Publicado em: 10/03/2020

Milícia pode ser classificada como qualquer organização de cidadãos armados que não integram o exército de um país. Um levantamento feito pelo Ministério Público Estadual do Rio de Janeiro indica que, em oito anos, as milícias tiveram sua área de atuação dobrada no município carioca. De 2010 até então, o total de favelas sob o controle de grupos paramilitares aumentou de 48 para 88. Esse dado reflete a forte atuação das milícias que, assim como as facções, se impõem atualmente como uma opção de combate à insegurança frente ao decadente cenário urbano do Rio de Janeiro.
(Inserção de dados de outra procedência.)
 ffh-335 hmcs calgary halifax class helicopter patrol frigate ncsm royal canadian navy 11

Uma vez que o Estado se mostra cada vez mais enfraquecido com suas políticas públicas de redução da violência, a parcela da população que defende a presença de milícias como a solução ideal para um basta na desordem tende a crescer – assim como a área de atuação desses grupos. Porém, a ação das milícias não deve ser defendida simplesmente como uma medida desesperadora de autodefesa cidadã.
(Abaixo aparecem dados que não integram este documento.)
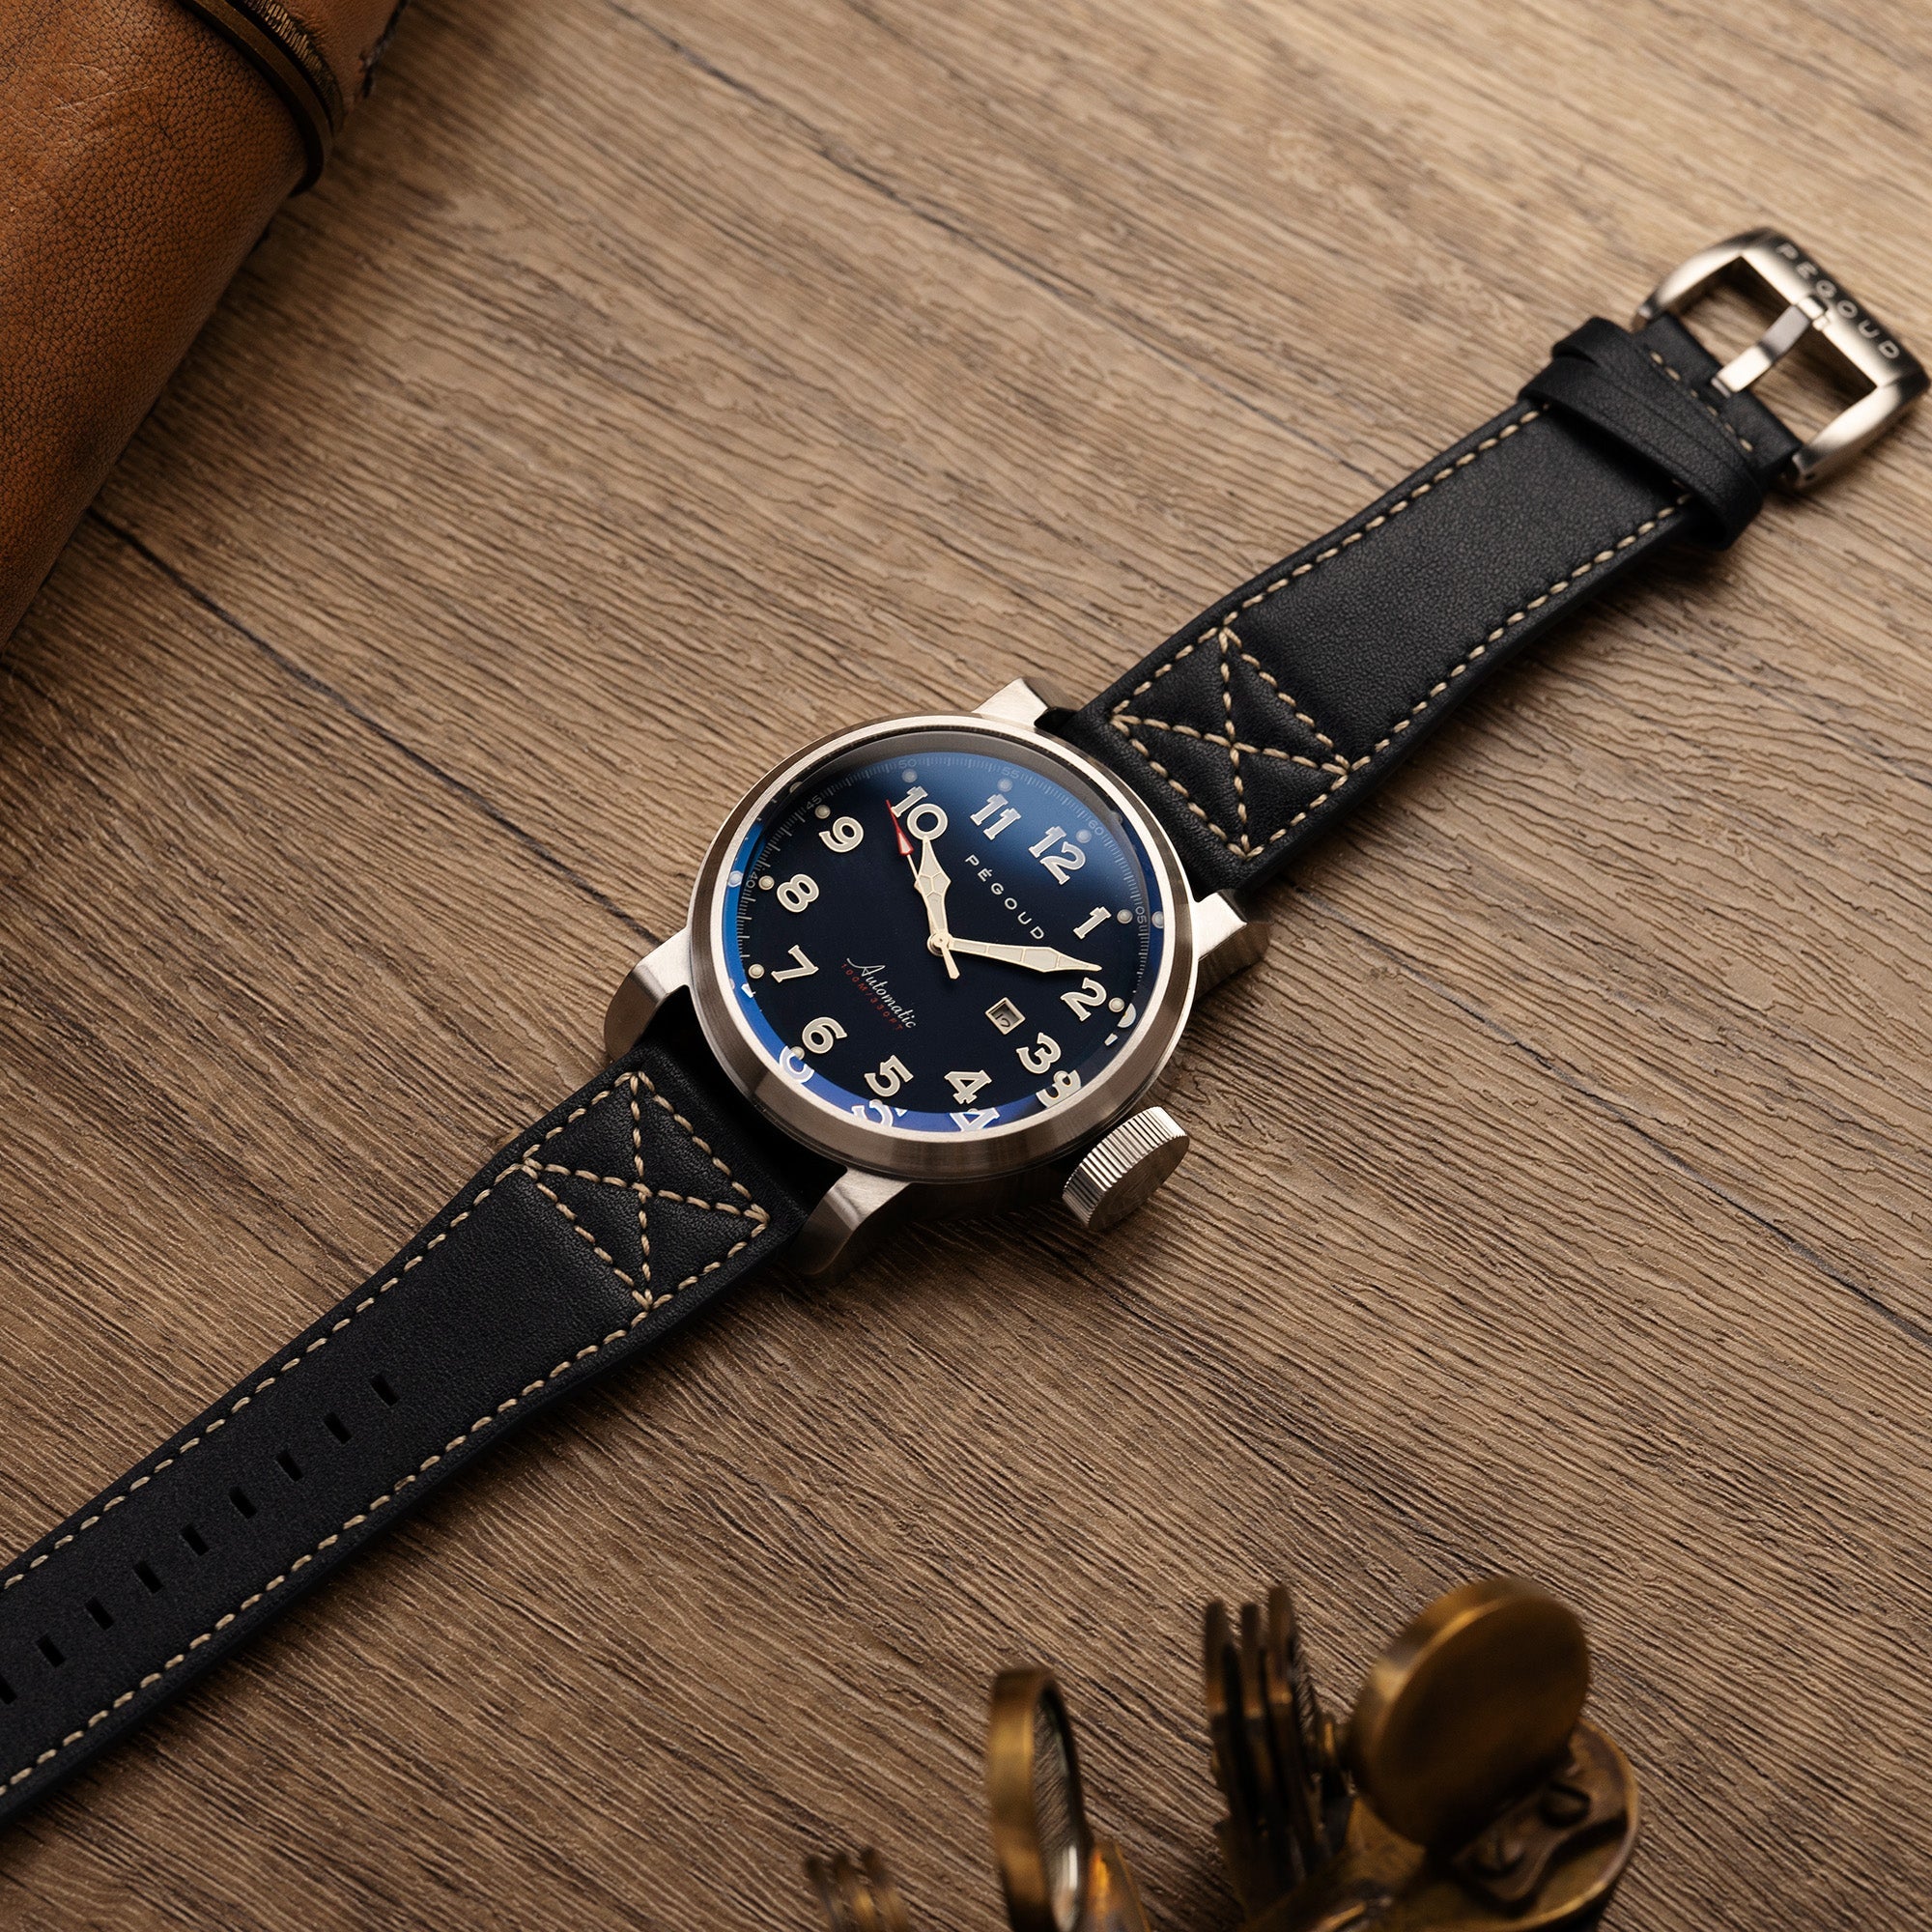 PEGOUD Pegoud Celestin Japanese Automatic Men's Oxford Blue Watch PG-9013-03

Todo esse olhar de “encantamento popular” sobre as milícias tem parcela de fundamento. Na realidade das comunidades, as milícias possuem uma posição oficial maior e, com suas próprias medidas de ação, resguardam os habitantes de acordo com os interesses comunitários do lugar. Talvez não seja sabido pela grande massa que as milícias têm livre passagem nos bastidores do poder estatal, com suas equipes compostas por policiais militares aposentados e/ou expulsos, bombeiros e outros profissionais ligados a entidades de proteção civil. Essa mescla de leis próprias com mecanismos estatais cria um poder paralelo, capaz de ganhar o respeito em determinados territórios do Rio de Janeiro – sobretudo naqueles localizados em áreas periféricas do estado.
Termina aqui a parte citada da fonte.